Hello everyone on SI. I want to thank you for letting me read about your lives for the last few months without posting. As all of you know, going through something like this is wrong on so many levels and I couldn't write it down. Over the last 5 months I've gone from the "Just Found Out" forum, the BS forum, the "Reconciliation" forum and now ended up here. Here's my story, and a few questions.

I had a long relationship with my now husband but part of it was long distance due to working circumstances. We had to travel to see each other over the course of 3 years and it was hard for both of us. We were engaged the final year of this and knew we would be moving shortly after getting married to finally live together. I knew the transition would be hard, especially for him, but I was hopeful. In retrospect there were some red flags during the engagement and I even tried to break it off/postpone things twice (including giving back the ring) but he always insisted that he wanted this, it would be better when we were together, etc. I believed that because I loved him so I went ahead.

Well, our first year of marriage was rocky at best. He went from a social, fun, intelligent person to someone who barely spoke to me after a day of work and would sit on the couch. He didn't know if he wanted to be married and he felt like he was stuck. I suggested counseling but he refused and continued to refuse until things got so difficult that we weren't even sleeping together. I finally said he could come to counseling and commit to working on our marriage or he needed to move out. No commitment came so out he went. He was torn apart and begged for another try. I told him the requirements were the same and he agreed to MC....twice. He said it wasn't working and then proceeded to sink into a deep depression. I didn't even see him for weeks at a time (except at work, where we barely spoke). He avoided social interactions, avoided me, and worked extra shifts. After a few months of this I started asking for a divorce. He said no, wanted to try again. So I agreed and slowly over the next 9 months things improved. We found a new MC, spent more time together, went on dates and he started staying over almost every night. It seemed like things were heading in the right direction but progress was slow. We would take a step forward and then 3/4 step back.
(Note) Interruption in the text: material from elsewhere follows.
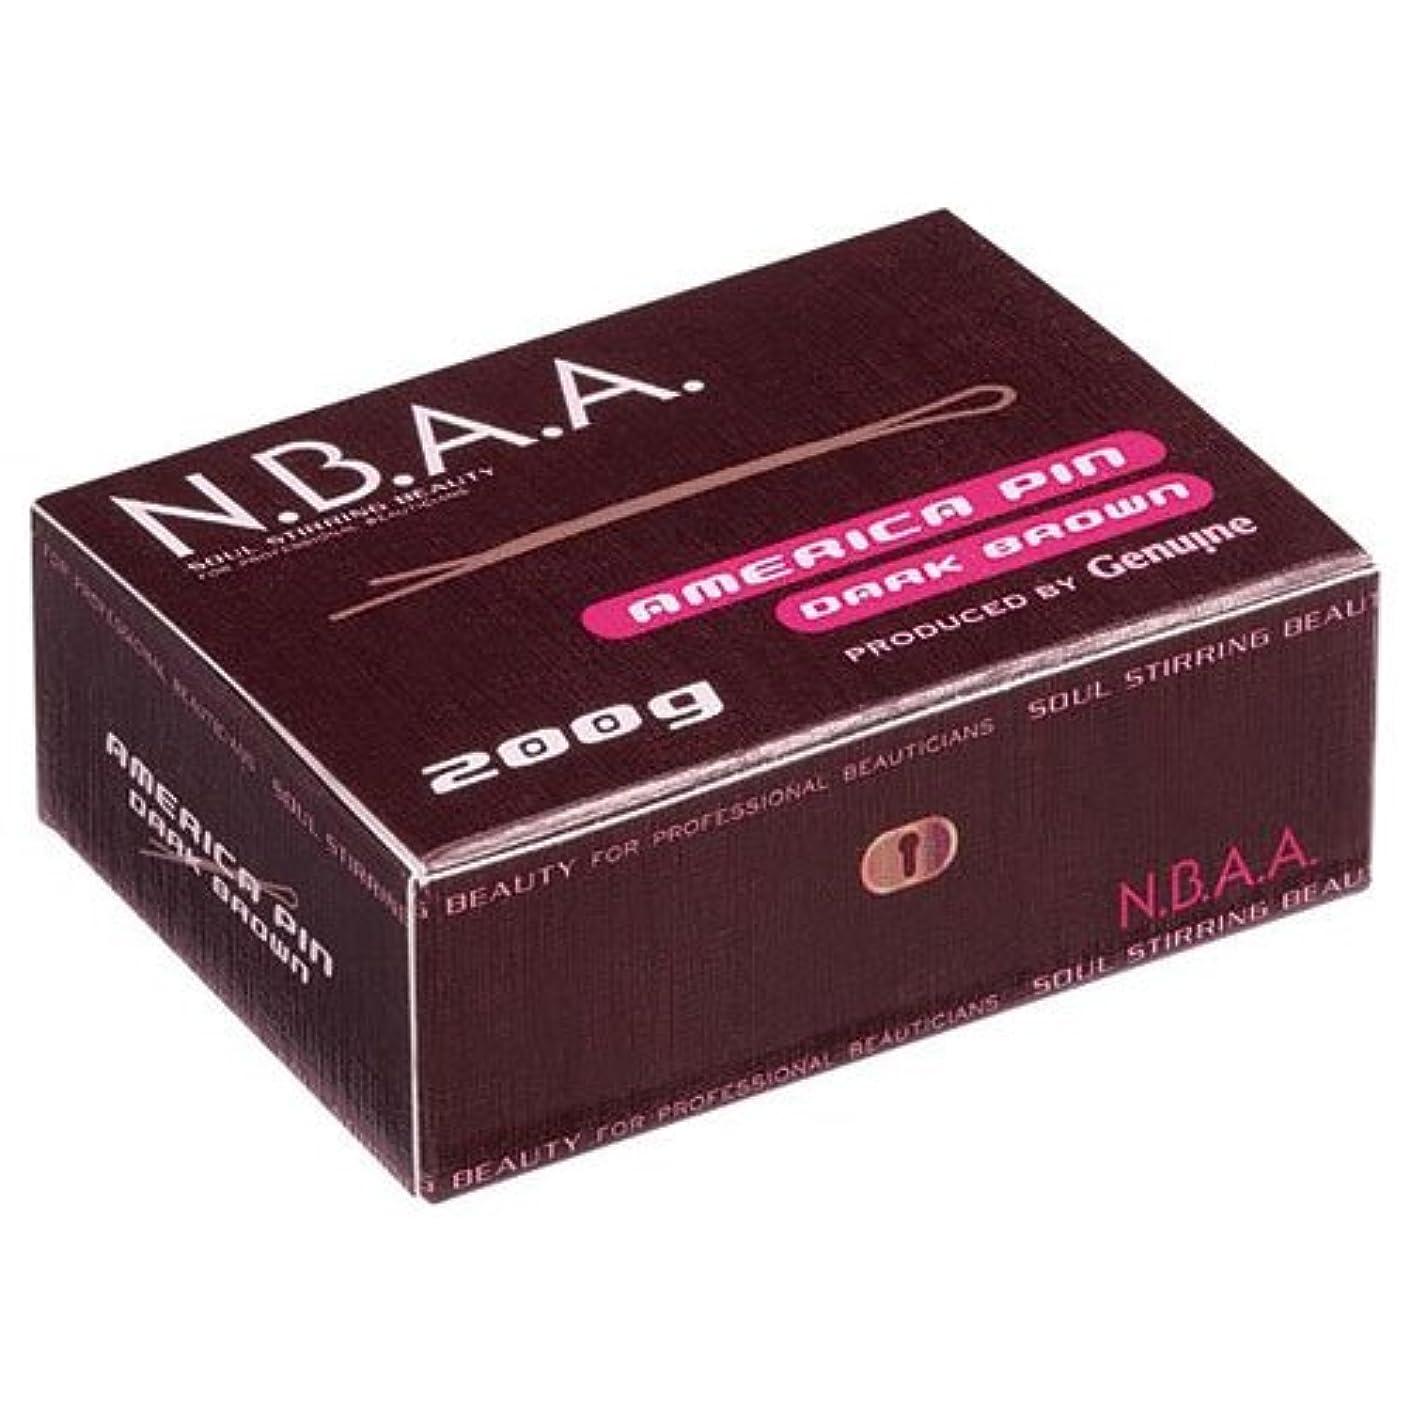 亡命わずかに反映するNB-P01 NBAA.アメリカピン 200g

He would show up late for things or not quite honor commitments but always had some excuse. It crossed my mind that he was cheating but I couldn't imagine how he could have met someone here (we work together and have the same friend circle and he has zero hobbies) so I dismissed it. This included a surprise trip out of the country that he told me about a day in advance, canceling my visit home to see his family, and another surprise trip to "check on his house" from before the move. After all that things were getting rough again but our MC told me to "lighten up" basically. Sure, fine. Then it happened. We were on vacation with my family, a trip he almost backed out of at the last minute (think almost bolted off the airplane at our *connection*). After we got there things went great...he was nice, funny, relaxed. Like the man I agreed to marry and had known 2 years before. We even had sex that night. Then the following morning I rolled over in bed to find a FB message from the woman he had been in a relationship with since a few months after our engagement. I was horrified but somehow managed to make it through the trip with my parents without a complete meltdown. That came later.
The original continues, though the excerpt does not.